There is no pain equal to that which two lovers can inflict on one another. This should be made clear to all who contemplate such a union. The avoidance of this pain is the beginning of wisdom, for it is strong enough to contaminate the rest of our lives.

-Cyril Connolly

The divers in telni’s majestic and sorrowful ode to the allure of the unattainable would seemingly do well to heed the warning writ large in the above quote. For what are love and desire and longing if not weapons of great destructive force, turned inward, and wielded by those whose only intent is to use it on themselves? Would human existence not be more tolerable and free from torment if we, as the instruments of our own destruction, simply shut out those unnecessary emotional interferences and reverted back to the primordial state of absolute, instinctual need for survival, and nothing more? Can we consider, then, that those of us who choose not to entertain notions of the unknown, who remain passive to the possibility of that which eludes us, that it is these people alone who are, and always shall be, content?

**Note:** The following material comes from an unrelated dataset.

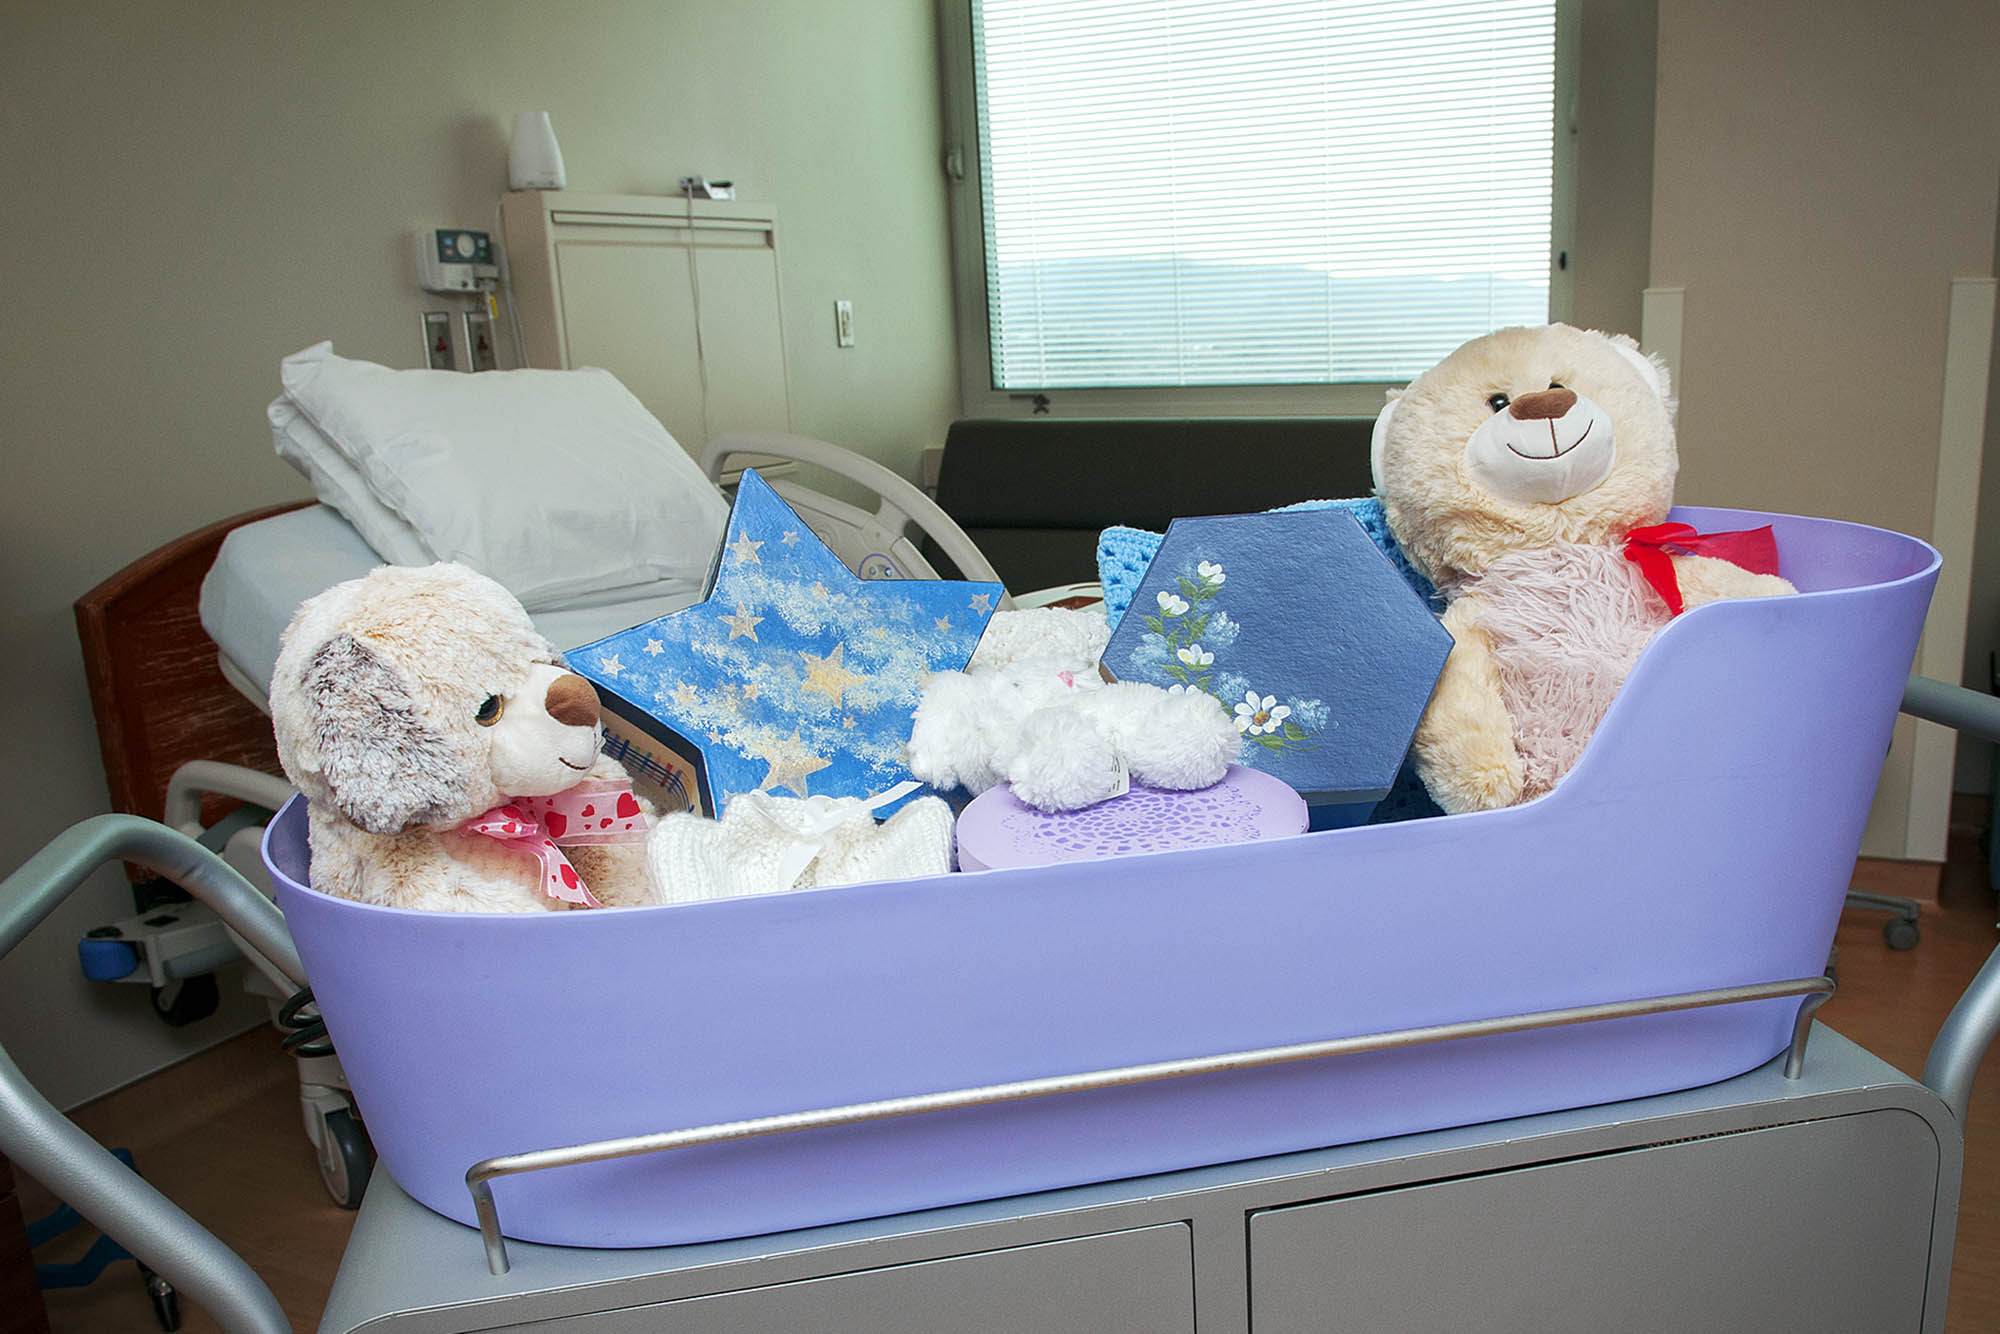 Baby cradle filled with stuffed animals and memory-making kits

What is love, anyway, if not a hypothetical construct? Yet almost all of us, at one time or another, have felt the almost palpable desire to be in love, or to love something, or someone, or to be a part of a grand human design. To love is to throw oneself at the mercy of faith, because it is only through the belief that love actually exists that it is able to be experienced at all.

But what of other, less acceptable constructs? For instance, the mythical salt mill in We were built to swim for eighty years. Another artifact of faith, and one that the characters in the story willingly endanger themselves in order to glimpse. The salt mill itself is, of course, an archetype. A deep sea Holy Grail. A litmus test of faith. But it also serves as an intriguing narrative device, a satisfying counterpoint to the use of Blue Whales. These whales, god-like in stature and form, are able to dwarf us as they, in turn, are rendered insignificant by the vastness of the ocean. Whereas the salt mill, the object of desire for those who yearn for all that it is whispered and hidden, is ‘small enough to hold in your hands.’ Yet it is the substance that the mill contains, salt, that provides the biggest clue to the divers’ desires. The concept that an integral element of the ocean can be imprisoned and ground in such an unassuming vessel, irrespective of its actual existence, is vital to many of the theories put forth in this story. We, as humans, sought to use explosives to contend with the giant, rotting corpse of a beached whale. A salt mill, small, fragile and unassuming, can crush one of the quintessential elements of the ocean itself.

Do we, at our most base level, secretly desire to obtain that which we know to be beyond our grasp? Or is it rather the faith in such things, the belief that there is as much beauty in the searching as there is the acquisition, that drives the restless amongst us to risk everything established and safe in the pursuit of that which, in our dreams and fantasies, brings light into the world.

Reading through We were built to swim for eighty years, I was reminded of The Cottingley Fairies. And of how, long after the photographs that were taken had been exposed as a hoax, many still clung to the belief that, if not the fairies in the photographs then still, perhaps, somewhere, fairies were real. Without these things, and perhaps they are childish and fruitless and, ultimately, a clear basis for tragedy, life becomes only a series of things known – an endless parade of black and white film stills. Misery very often lies at the end of these roads, but there is grace and redemption to be found in risking everything in the hope that life isn’t simply what remains after we have locked our childhoods away. And even when we fail, even when we simply do not find what it is that we have been searching for, there is a certain comfort to be derived from this. Because if we are unable to find that which we desire, we are still able to believe that, somewhere, it still may exist.